When I heard the first explosion it shook the ground, but I thought it was somehow part of the event, like balloons being launched or something. A few seconds later I heard the second blast from behind me and I knew something was wrong. At that point I could see the smoke from the first explosion. A mother behind me picked up her daughter and started running away and people all around started pushing down the barricades. My stomach immediately started twisting into knots as all the joy and excitement I was feeling turned into a sick mix of fear and panic. My first thought was that I was going to get trampled in all of the confusion.

I was alone because my friends had gone to find something to eat and I didn't know what to do. I called them and told them to come back to where we parted ways and I stood there waiting. Then, someone noticed a black backpack on the ground and started yelling and the people that were still in the area started running away. I called my friends, told them to meet me in the family meeting area and left.

Over the next few hours, I tried to reconnect with both the friends I was watching with and my roommate who was running the marathon. I knew he wasn't injured in the explosions because he was too far back, but I didn't know how I would ever find him. My phone was quickly dying and his was dead. Through the kindness of strangers who lent him their phones (which I'm sure were dying as well), and a friend who came into town to drive us around looking for him we were finally able to be reunited. When I saw him, he started running towards me as best as he could and broke down crying when we finally hugged.

For the rest of the night I felt kind of numb. I was so happy to be reunited with my friends and know that everyone was safe, but I felt that I couldn't really process what had happened. I still can't.
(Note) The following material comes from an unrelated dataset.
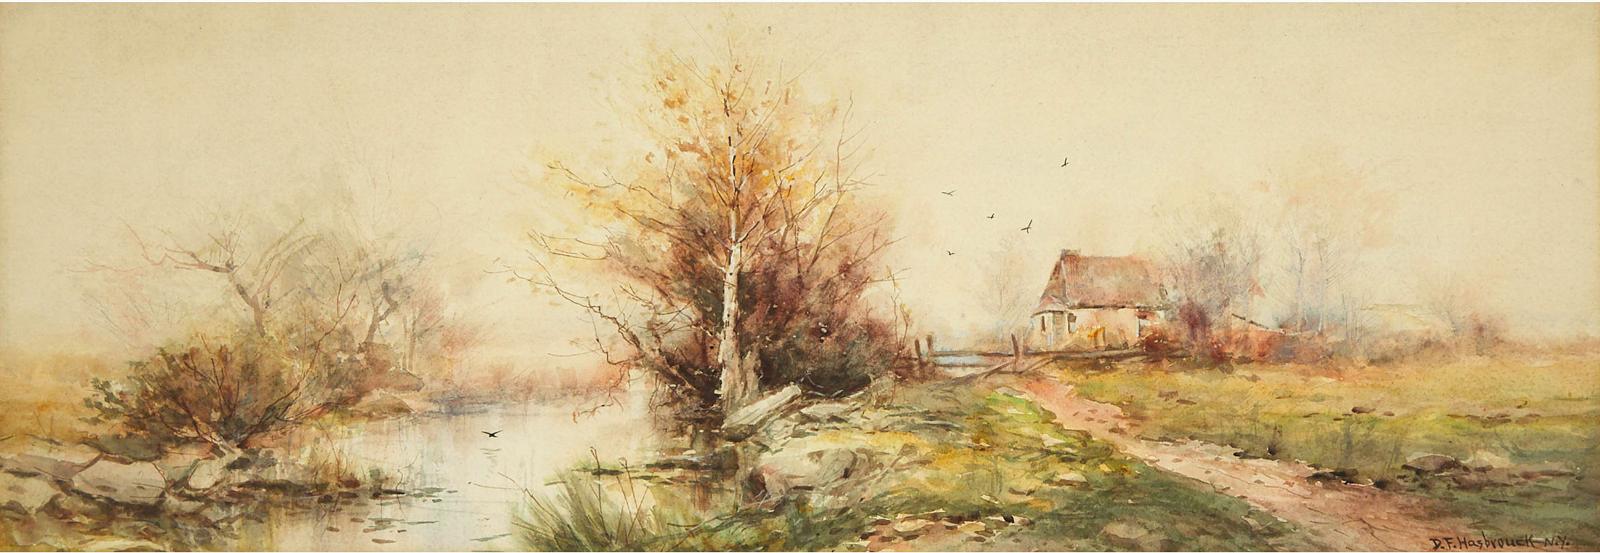 Dubois Fenelon Hasbrouck (1860-1934) - Upstate New York Cabin On The River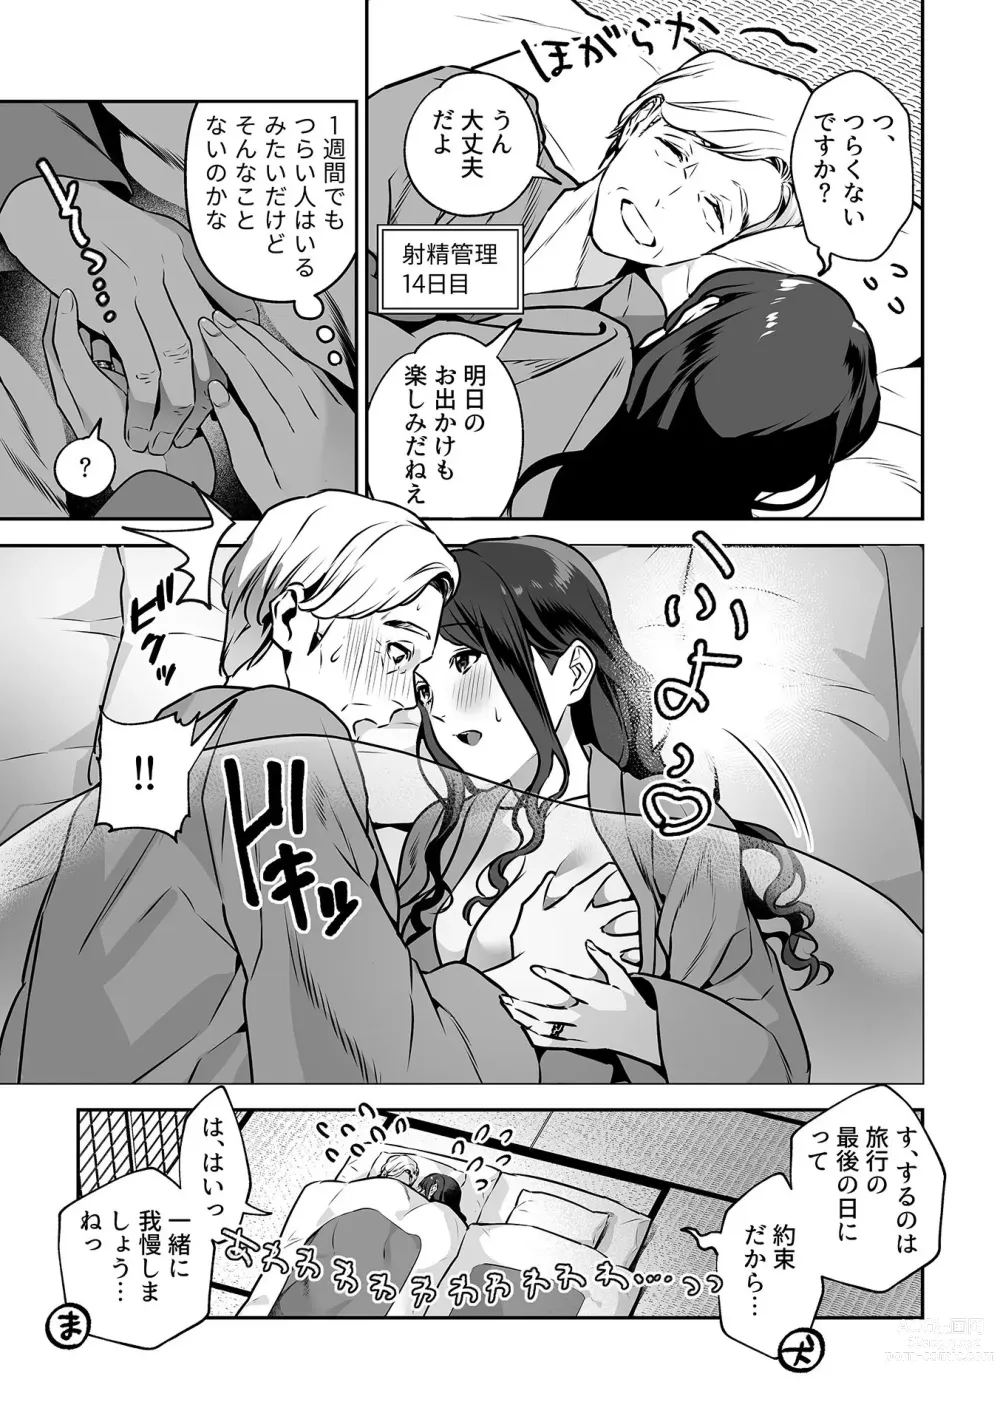 Page 151 of manga COMIC GEE vol.23

I sit on the T and picture what it would feel like if a bomb went off. I see planes in the sky and think "those seem like they're too low. Maybe something is going to happen." Or I hear sirens pass my apartment and think simply "Something else happened."

After it all though, I felt compelled to go out and enjoy this city. To show everyone that Boston isn't afraid. That the love that came from all sides, both from strangers and friends and family, after the blast outweighs the hate in the hearts of the perpetrators. That in the end, you can't pervert the Boston Marathon because there's too much good there. I feel incredibly thankful that I wasn't a block to either side and that my friends and family are safe and my heart goes out to those that were not as lucky as me.